Появилось понятие «нэпман». Помню, мы шли по Арбатской площади. Там было какое-то не то кафе, не то варьете, не то оперетта в летнем саду. Там была лестница широкая на второй этаж, и мы видели, как по ней поднимался человек с брюшком во фраке с белой манишкой. С ним рядом шла молодая женщина в длинном шелковом платье в мехах. Леня мне сказал: «Смотри, нэпман!» С тех пор, когда говорят «нэпман», я представляю себе эту картину, потому что тогда фраки и длинные платья мы видели только в кинофильмах, где «буржуазия разлагается». Растаскивали государство кто как мог. Но и борьба была жестокой. Нашего дальнего родственника, мы его не знали, расстреляли за спекуляцию квартирами, тело отдали жене для похорон. Коммунисты стремились выходить из партии. Но жить стало легче.

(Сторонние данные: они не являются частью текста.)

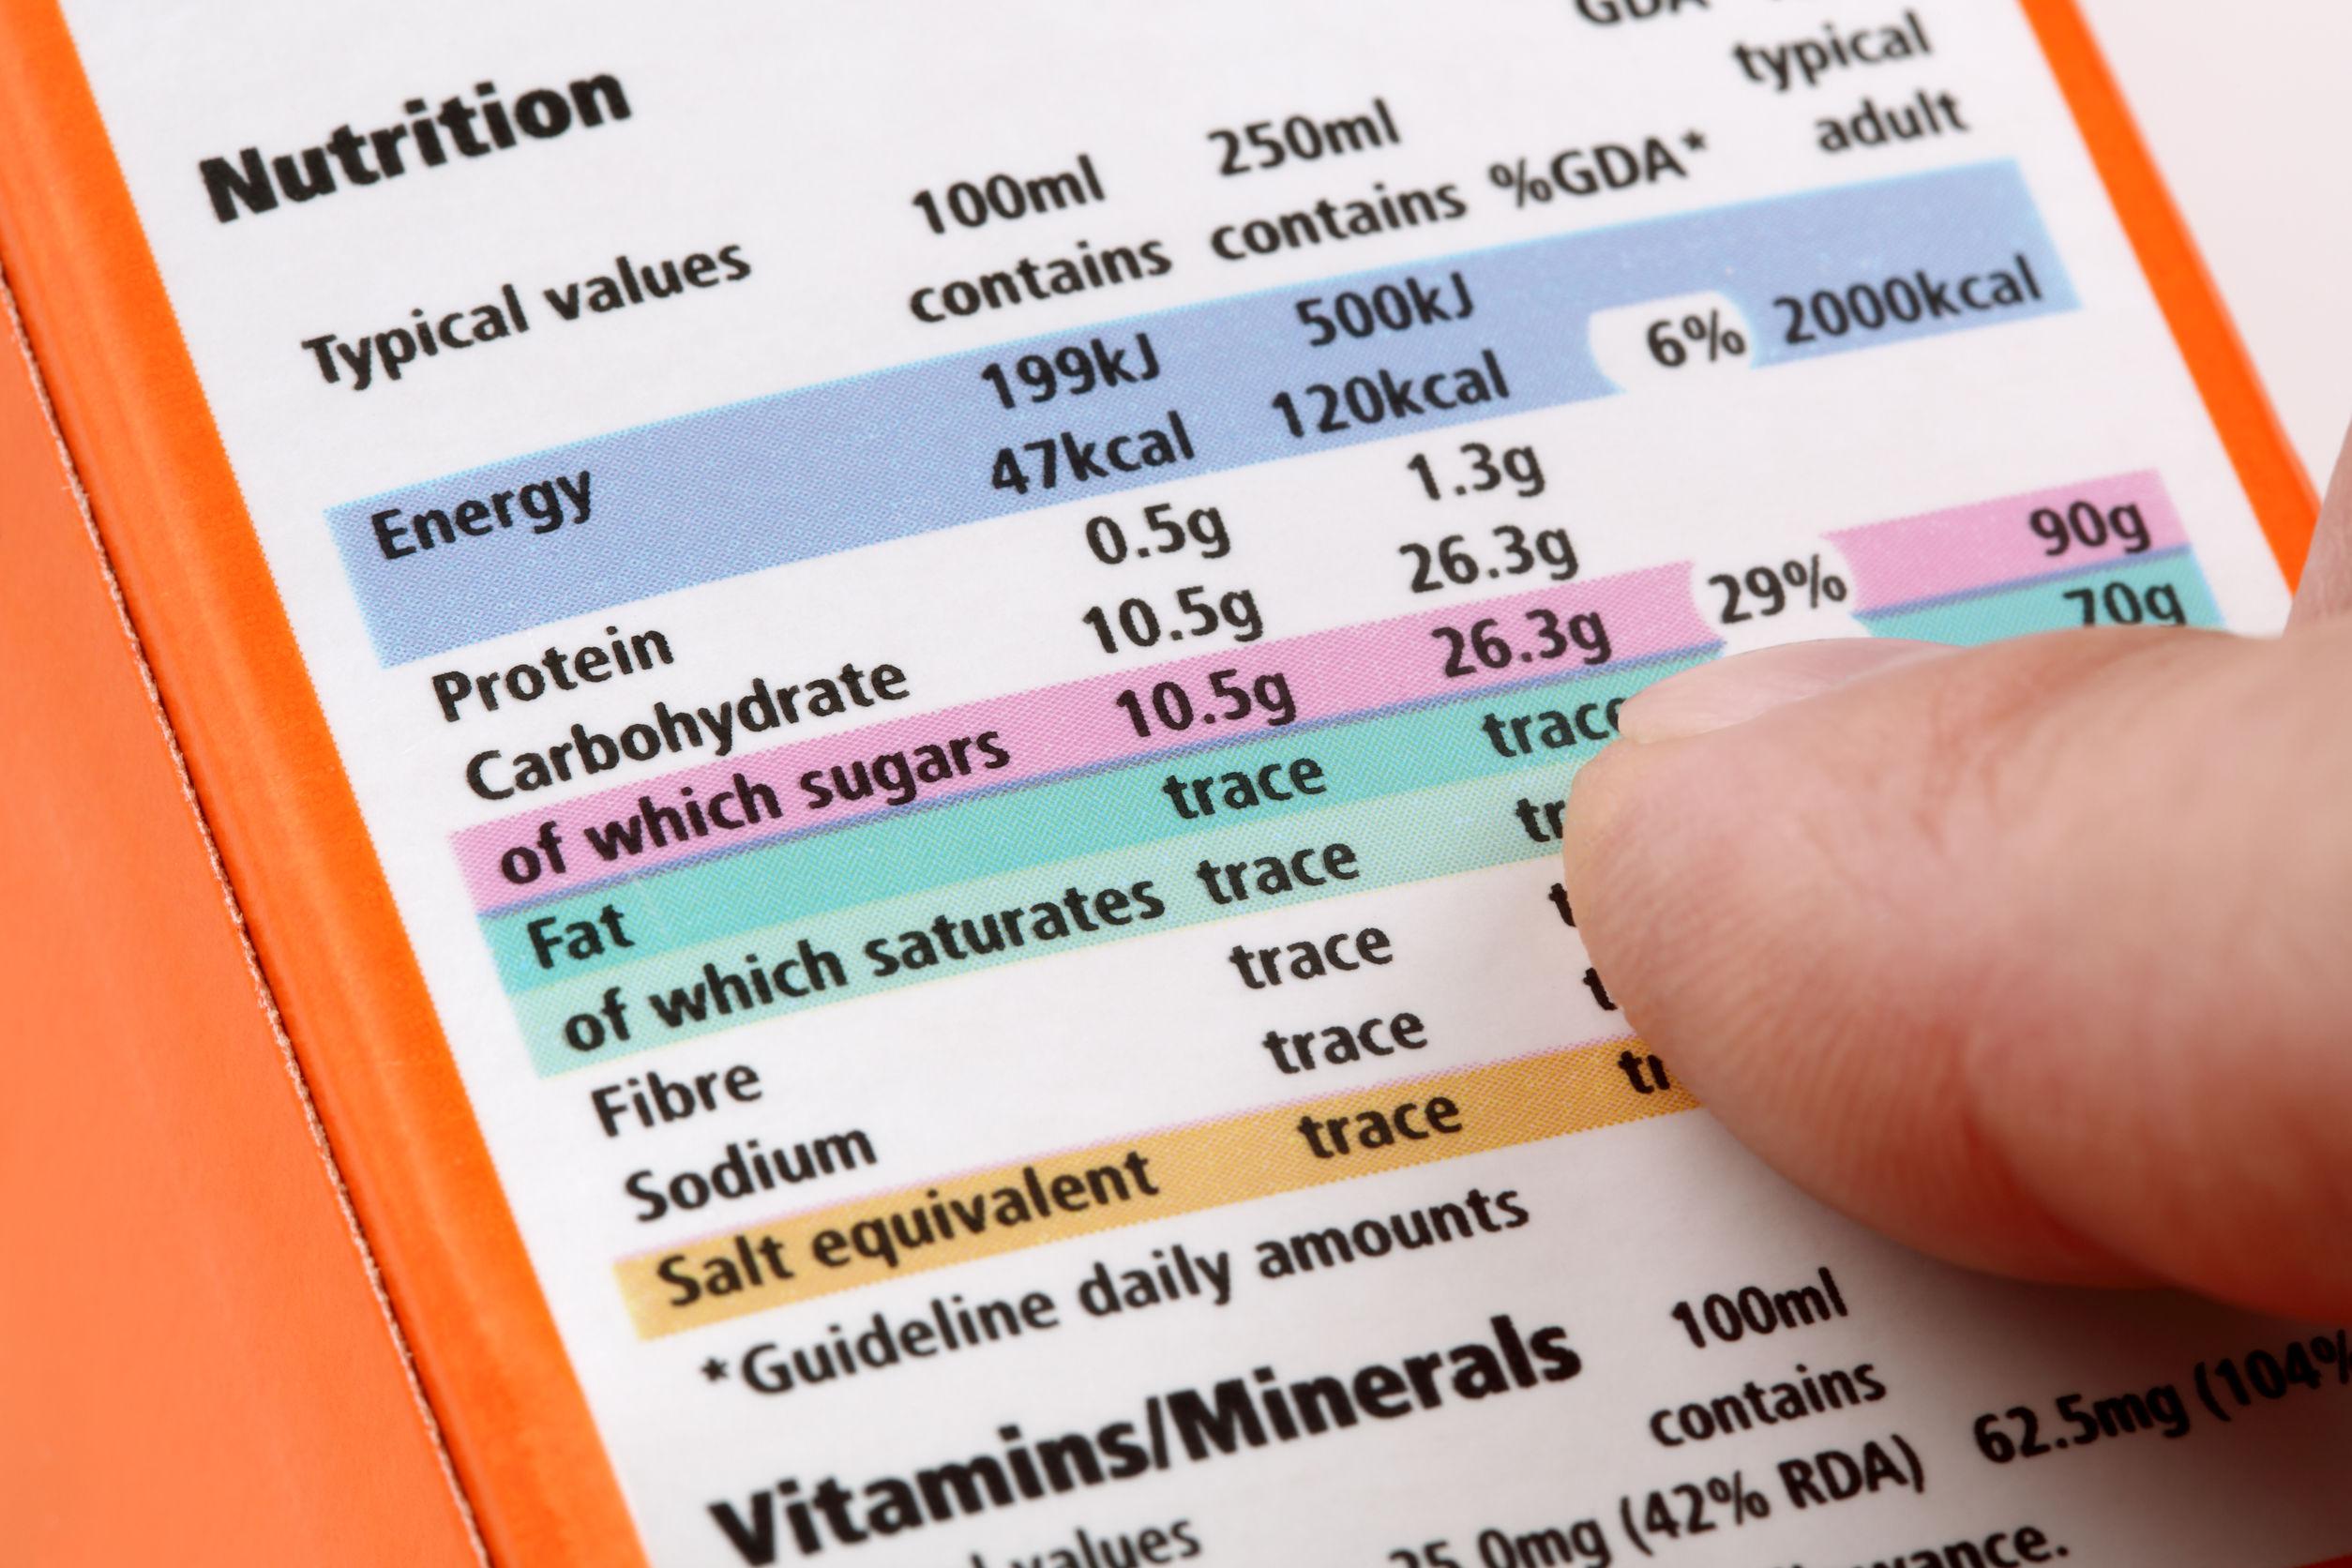 tener en cuenta valores de la tabla nutricional

Мы с Леней тоже стали лучше питаться. Трахтенберг устроил сначала Леню в ВСНХ секретарем какой-то комиссии, кажется, по организации трестов. Через несколько месяцев Леня ушел оттуда, потому что не оставалось времени на занятия в университете, и поступил ночным сторожем в какое-то акционерное общество. Но денег не хватало, и я поступила в ВСНХ, в отдел экономики и промышленности. Как мне представлялся ВСНХ? Высший совет народного хозяйства помещался в Деловом доме на тогдашней Варваринской площади. Он и сейчас там стоит. Основательное серое здание. Внутри остатки роскоши! Высокие потолки, огромные кабинеты, роскошная мебель, кожаные зеленые кресла, огромные, в которых утопаешь. Огромные письменные столы, на окнах тяжелые портьеры. Все это темновато, грязновато. ВСНХ сотрудники расшифровывали так: «Всесильный Саакянц Николай Христофорович». Это был армянин очень красивый, в гимнастерке и в роскошных сапогах. Очень живой. В его руках были все материальные ценности этого учреждения. Однажды я попала в его отдел АХО (административно-хозяйственный отдел). Боже, что я там увидела! Я попала в миниатюрный рай. Там в большой комнате за маленькими красивыми столиками сидели девушки армянки, одна красивее и моложе другой. Как они были причесаны! Какие на них были кофточки! Какие они были сытые, веселые, доброжелательные! С каким веселым недоумением они смотрели на меня. Это был совсем другой мир, несколько причастный к НЭПу. Больше я туда не ходила. В отделе же экономики и промышленности у Трахтенберга работали солидные экономисты – ученые. Сколько помню, все евреи, Гинцбург, Сабсович, Френкель, Гольде. Говорили, что все они меньшевики. Впоследствии все они были арестованы, и судьбу их не знаю.

 

Мои обязанности были «входящие – исходящие», писать протоколы заседаний, отмечать явку сотрудников на работу. На работу я одна приходила вовремя, брала лист бумаги, расписывалась за всех разными почерками и относила лист в канцелярию. Сотрудники быстро обнаглели и начали приходить на целый час позже, пока не пришел однажды Трахтенберг вовремя и все это обнаружил. Мне попало. Что было потом, не помню. Словом, я трудилась на канцелярском поприще, училась в университете, была страшно занята, но я бы сказала, не очень-то глубоко осознавала то, что происходит (все события: политические, экономические и так далее – воспринимались очень уж как-то с личных позиций). Леня в это же время был секретарем при кафедре гражданского права (или истории права), очень много занимался по ночам, работал в каком-то акционерном обществе там, где сейчас гостиница «Москва». Он воспринимал все происходящее с несколько более общих позиций, и все-таки повседневные заботы, беготня заслоняли собой огромность происходивших событий. В акционерном обществе ночным сторожем работал молодой красивый поляк без паспорта, видимо, скрывавшийся белый офицер. Тогда было проще с наймом на работу, не помню, были ли отделы кадров. Этот человек занимался валютными спекуляциями. Когда уехали Трахтенберги за границу, мы жили в их квартире в Шереметьевском переулке. Трахтенберг поручил Лене получаемую этим поляком зарплату в совзнаках переводить то ли в червонцы, то ли в иностранную валюту, то есть в твердую, т. к. совзнаки падали с невероятной скоростью. Если Леня почему-либо не успевал отдавать деньги этому поляку в тот же день, Трахтенберг терял большую сумму, и Лене приходилось объясняться с Трахтенбергом. Правда, это было только один раз, и то по болезни этого поляка.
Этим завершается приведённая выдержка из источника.